7.5 Please inspect your order upon reception and contact us immediately if the item is defective, damaged or if you receive the wrong item, so that we can evaluate the issue and make it right. To start a return, you can contact us at shop.moltr@molgroup.com. If your return is accepted, we’ll send you a return shipping label, as well as instructions on how and where to send your package. Items sent back to us without first requesting a return will not be accepted.

 

 

7.6 The SELLER is required to return all collected payments, excluding shipping costs, within 14 days of receiving the product back, conducting all necessary product examinations and receiving notification of the buyer's exercise of the right of withdrawal. The buyer is responsible for the shipping fee. If any damage caused by the customer is detected on the product subject to the right of withdrawal, the refunded fee will be refunded to the seller after deducting the amount of damage. The SELLER will make all the refunds at the same time, using the same payment method as the customer used when purchasing, and without incurring any expense or obligation to the BUYER.

 

 

7.7 To be eligible for a return, your item must be in the same condition that you received it, unworn or unused, with tags, and in its original packaging. You’ll also need the receipt or proof of purchase. Its rust, shape change, damage, cracks are parts of the items. It cannot be the reason for refund. In case of cargo damage or the delivery of demolished items. The refund will be fully taken care of the seller.



 

7.8 BUYER must send the product back to the seller within 10 days from the date on which he/she sends the notification regarding the use of the right of withdrawal to the seller.



8. FORCE MAJEURE


8.1 Circumstances that do not exist or cannot be foreseen at the date of the contract's entry into force, that develop beyond the control of the parties, and that make it impossible for one or both of the parties to partially or completely fulfill their obligations and responsibilities or prevent from fulfilling them on time, are assumed by the contract as force majeures (natural disaster, war, terrorism, insurrection, changing legislation provisions, seizure or stroke, lockout, significant malfunction in production and communication facilities, etc.) The party facing any force majeure must notify the other party as soon as possible.


8.2 During the continuation of the force majeure, the parties will not be liable for their failure to fulfill their obligations.
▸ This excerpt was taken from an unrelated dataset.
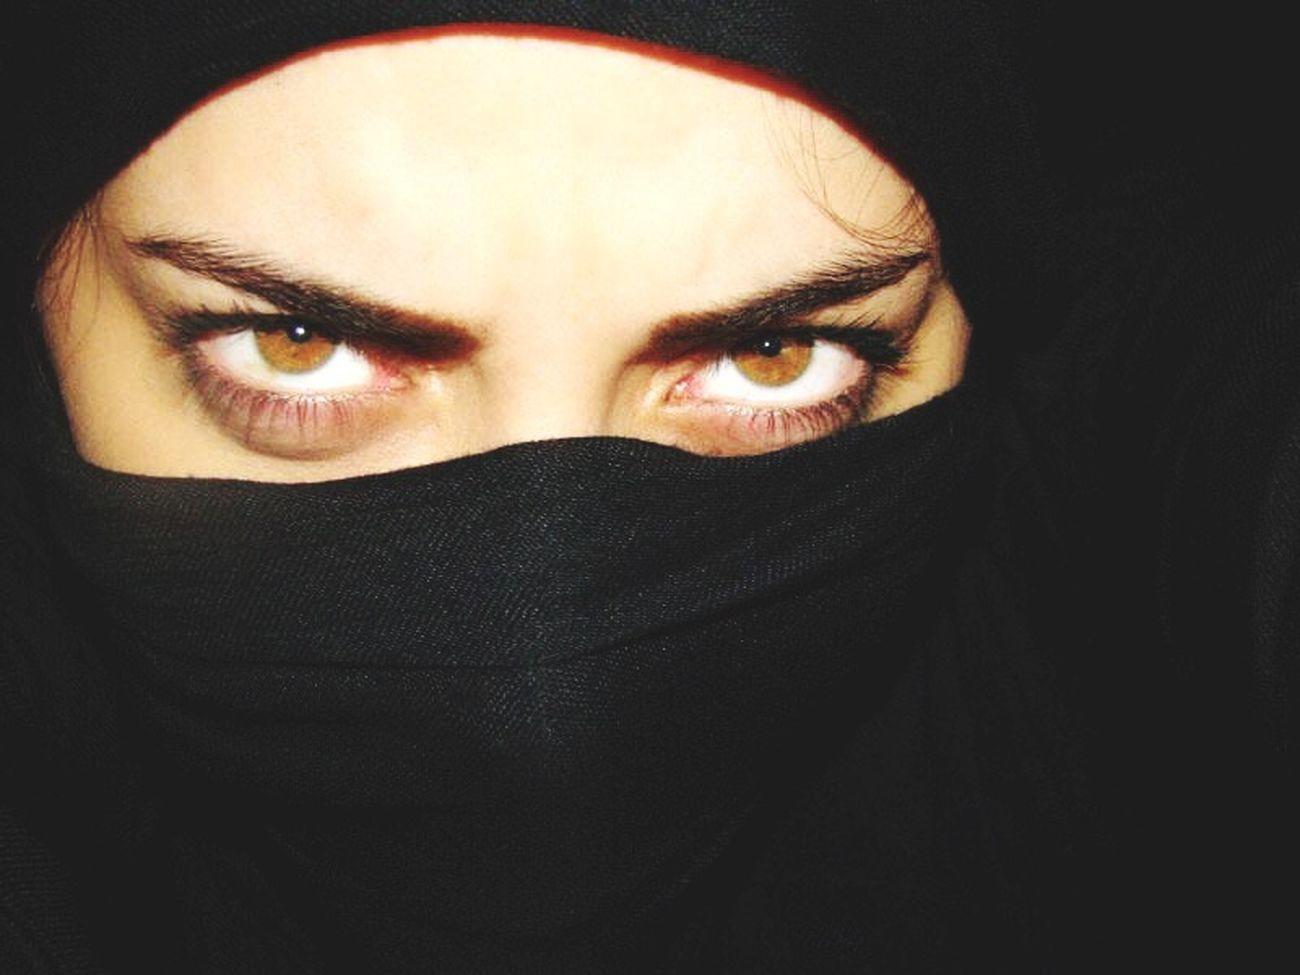 My Eyes Angry Eyes That Is Me Persian Iran Tehran
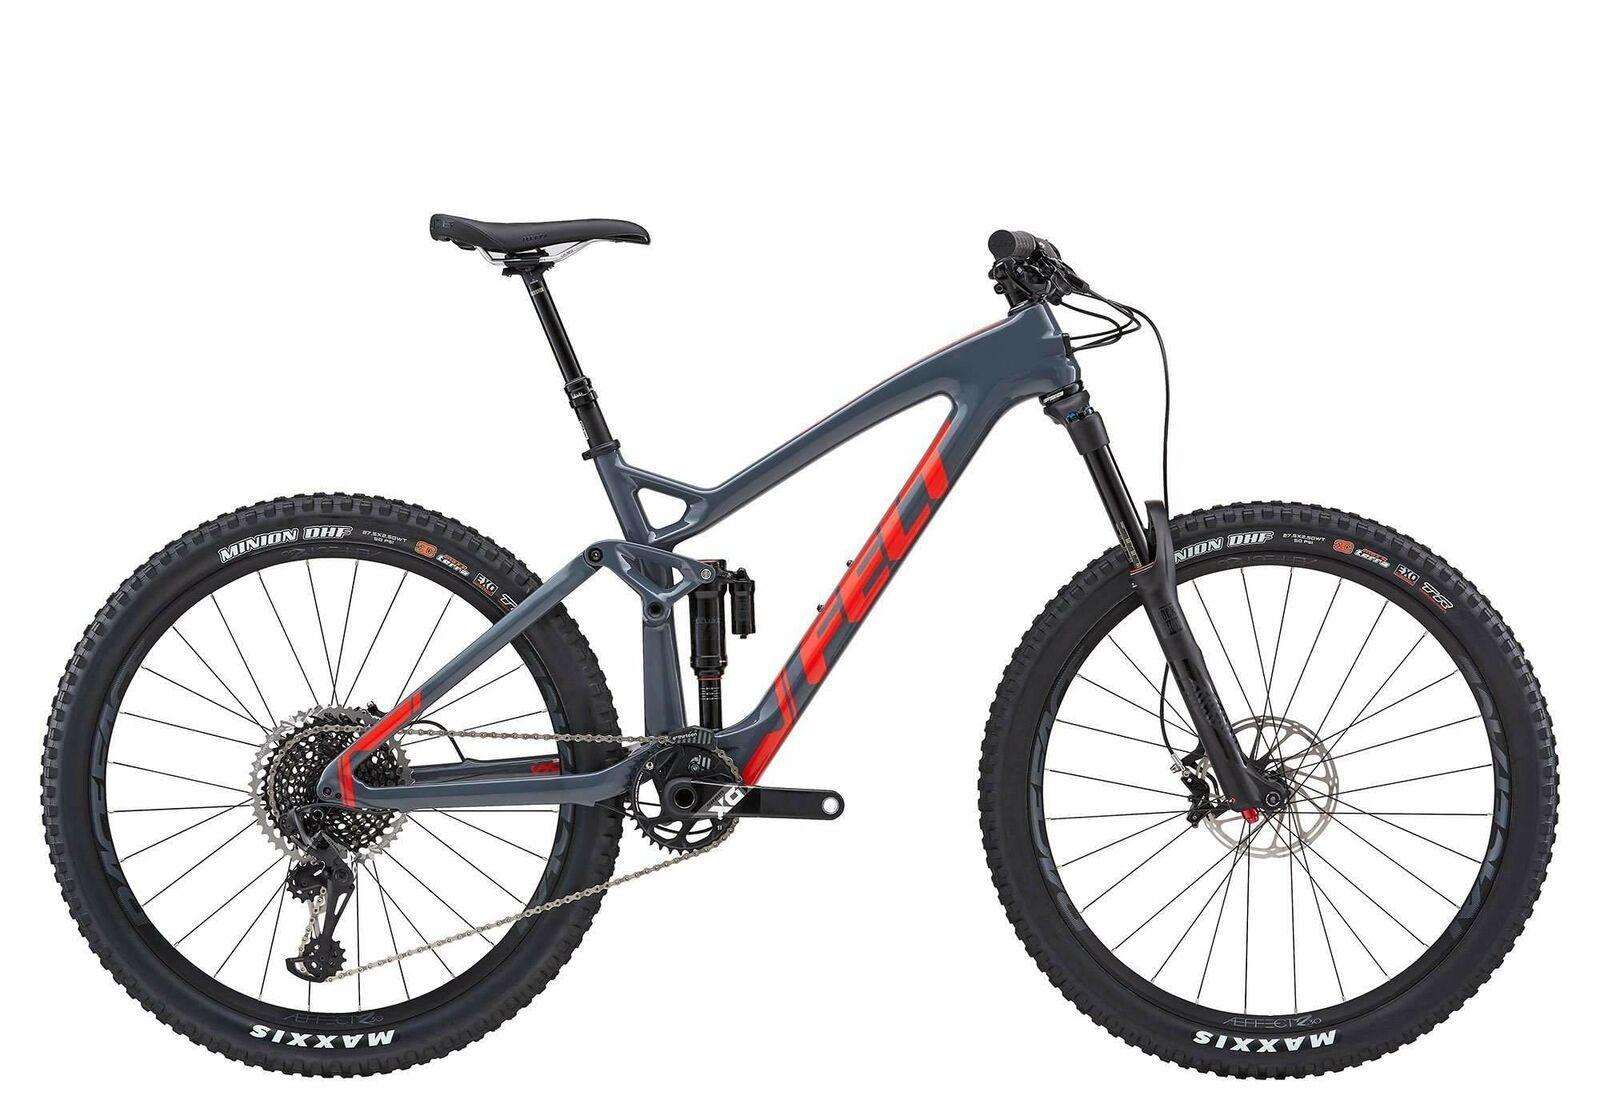 2019 Felt Decree 1 Carbon Full Suspension Mountain Bike Sram Eagle

If the force majeure situation continues for 30 days, each party will have the right to unilateral termination


9. EVIDENCE AGREEMENT


9.1 In the resolution of any disputes that may arise from this contract, the records of the SELLER (including the records in the magnetic medium such as computer, sound recordings) constitute conclusive evidence.


10. APPLICABLE LAW AND AUTHORIZED COURT


10.1 This agreement will be governed by Turkish law in accordance with Articles 24 and 26 of the Law on Private International Law and Procedural Law.


10.2 Consumer Arbitration Committees are Authorized up to the value declared by the Ministry of Commerce of the Republic of Turkey.  In cases exceeding this amount, the Republic of Turkey Consumer Courts and Enforcement Offices in the seller's place of residence are authorized.


11. DECLARATION OF ACCEPTANCE


11.1 The BUYER declares that he/she has read all the conditions and explanations are written in this Agreement and the Preliminary Information Form, which is an integral part of this agreement, and that he/she has read the basic features, qualities, sales price, payment method, delivery conditions, seller, and products subject to sale. He/she accepts and declares that he/she has prior knowledge of all other relevant issues, that he/she has electronically seen and read all the content on the website, and that he/she accepts the provisions of this Agreement by ordering the products by giving approval and acceptance permission to all of these in the electronic environment


12. ENTRY INTO FORCE


12.1 This Agreement has been concluded and entered into force by being read by the parties, approved by the BUYER electronically, and making payment as a positive de facto action.